The Spot as he appears in Spider-Man: The Animated Series (1994).

- Dr. Johnathon Ohnn / The Spot appears in a self-titled episode of Spider-Man: The Animated Series, voiced by Oliver Muirhead. This version is initially a Stark Industries scientist until he is fired after Venom and Carnage steal his technology. Afterwards, Ohnn is hired by the Kingpin and given a lab and an assistant named Sylvia Lopez, with whom he enters a relationship. After several weeks, Ohnn and Lopez finish their work, but he accidentally falls into a portal, whereupon numerous more attach to him, giving him the ability to create them at will. Adopting the alias of "The Spot", he uses his powers for personal gain and becomes a thief while lying to the Kingpin about his work. Ohnn later learns that the Kingpin is a crime lord and works with Spider-Man to stop him, but discovers that one of his portals was left open too long and will eventually engulf the Earth. Subsequently, he and Lopez sacrifice themselves to close it from the inside. Following the incident, Ohnn's portal technology is used to create the Time-Dilation Accelerator, which would later be used by villains like the Hobgoblin and Green Goblin.
  - An alternate universe version of Ohnn appears in a flashback in the episode "I Really, Really Hate Clones". This version completed his work on interdimensional portal technology for the Kingpin without becoming the Spot, though he accidentally brought the Carnage symbiote into his universe, leading to the creation of Spider-Carnage, who combined a bomb with Ohnn's Time-Dilation Accelerator in an attempt to destroy the multiverse. However, Madame Web and the Beyonder assemble a team of Spider-Men from across the multiverse to stop him.
- The Spot appears in Spider-Man (2017), voiced by Crispin Freeman.

===Film===

The Spot (middle) as he appears in Spider-Man: Across the Spider-Verse

Dr. Johnathon Ohnn / The Spot appears in the Spider-Verse trilogy, voiced by Jason Schwartzman.

- An unnamed scientist who Miles Morales throws a bagel at while escaping from an Alchemax facility, retroactively identified as Ohnn, makes a non-speaking cameo appearance in Spider-Man: Into the Spider-Verse (2018).
- Formally introduced in Spider-Man: Across the Spider-Verse (2023), this version is a former Alchemax scientist who was involved in the testing of the Kingpin's "super-collider" and played an indirect role in Morales becoming their world's new Spider-Man. When Morales destroyed the collider during the events of Into the Spider-Verse, Ohnn was caught in the subsequent explosion and mutated after absorbing inter-dimensional energy. Due to this, he was fired, abandoned by his loved ones and turned to crime to seek revenge on Morales, deeming him his archenemy. Enraged by Morales underestimating and ridiculing him, Ohnn constructs a smaller version of the collider to absorb its energy and strengthen himself after learning he can access other dimensions.

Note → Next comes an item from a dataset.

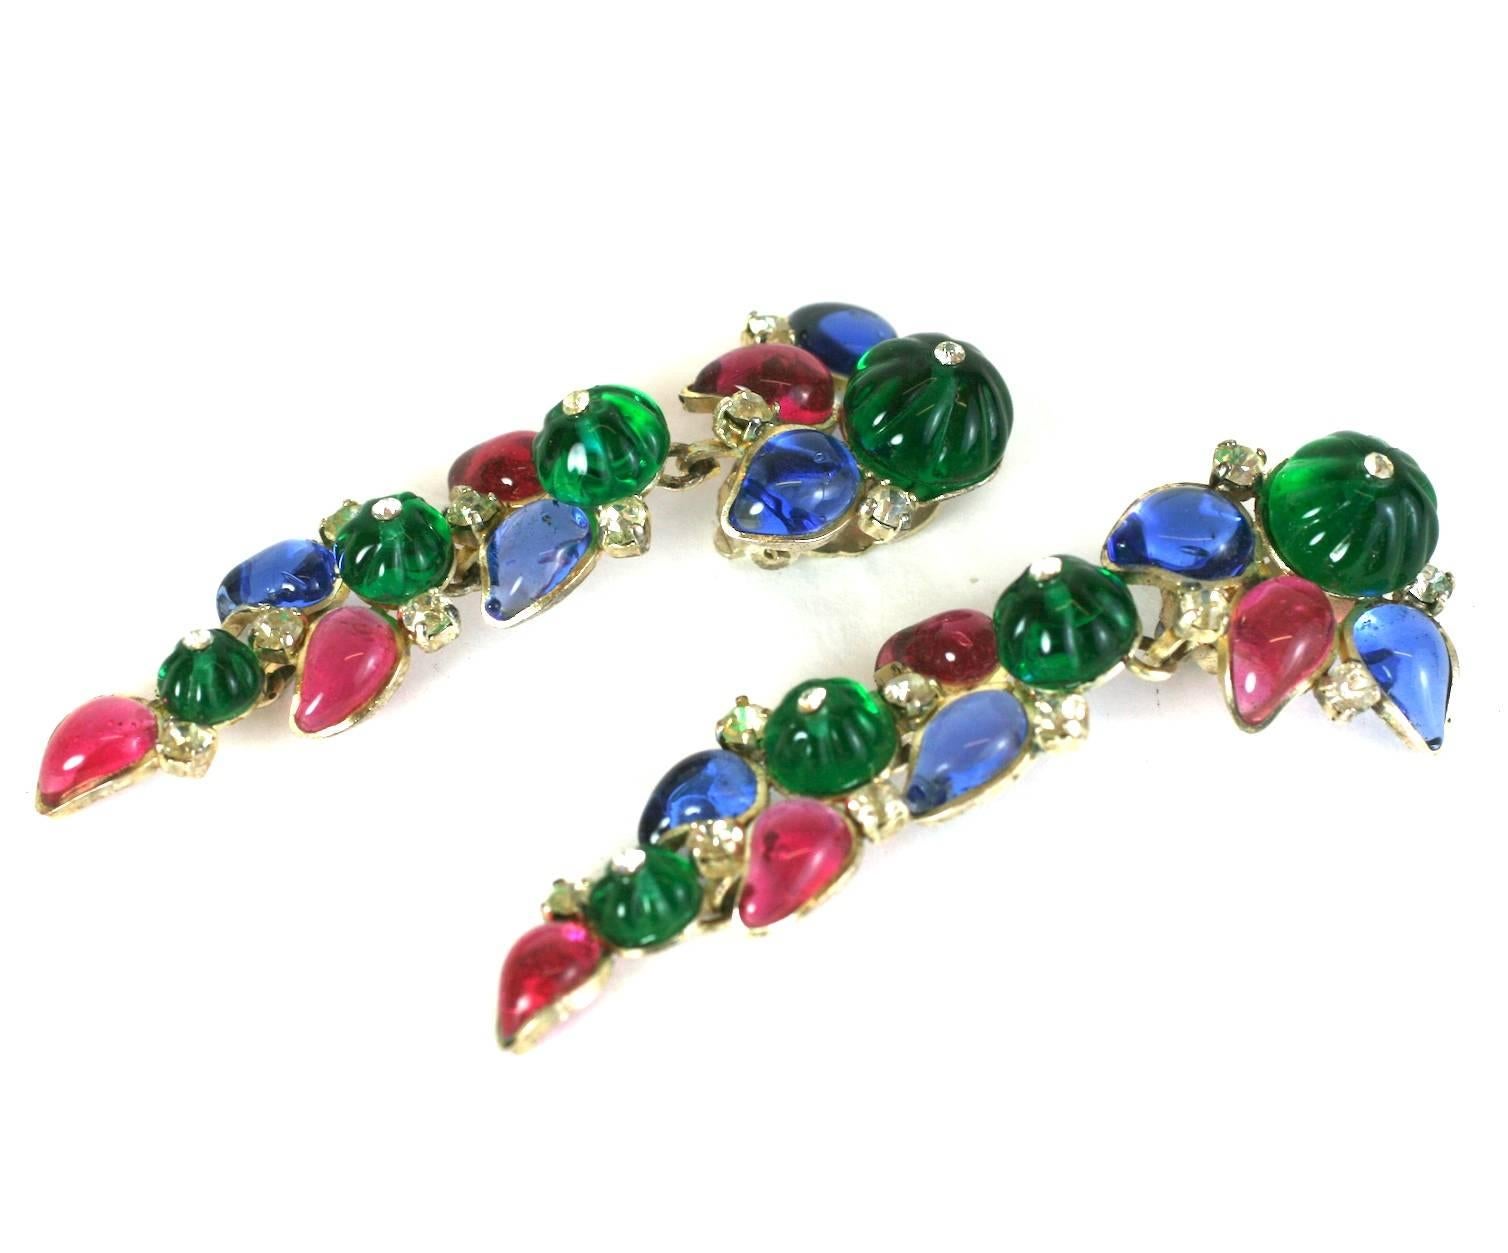 Chanel fully articulated long Fruit Salad Earrings in the Tutti Frutti style popularized by Cartier in the 1930's, made by Maison Gripoix, Paris. Handmade with faux emerald fluted cabochons, poured glass ruby and sapphire leaves and Swarovski

He then travels the multiverse to absorb energy from other Alchemax colliders, encountering members of Spider-Man 2099's "Spider-Society" in the process. After becoming fully empowered, Ohnn returns to his and Morales' native Earth-1610, intent on destroying it to complete his revenge.
- Ohnn will return in Spider-Man: Beyond the Spider-Verse (2027).

===Video games===
- The Spot appears as a playable character in Marvel Contest of Champions
- The Spot appears as a playable character in Marvel Future Fight.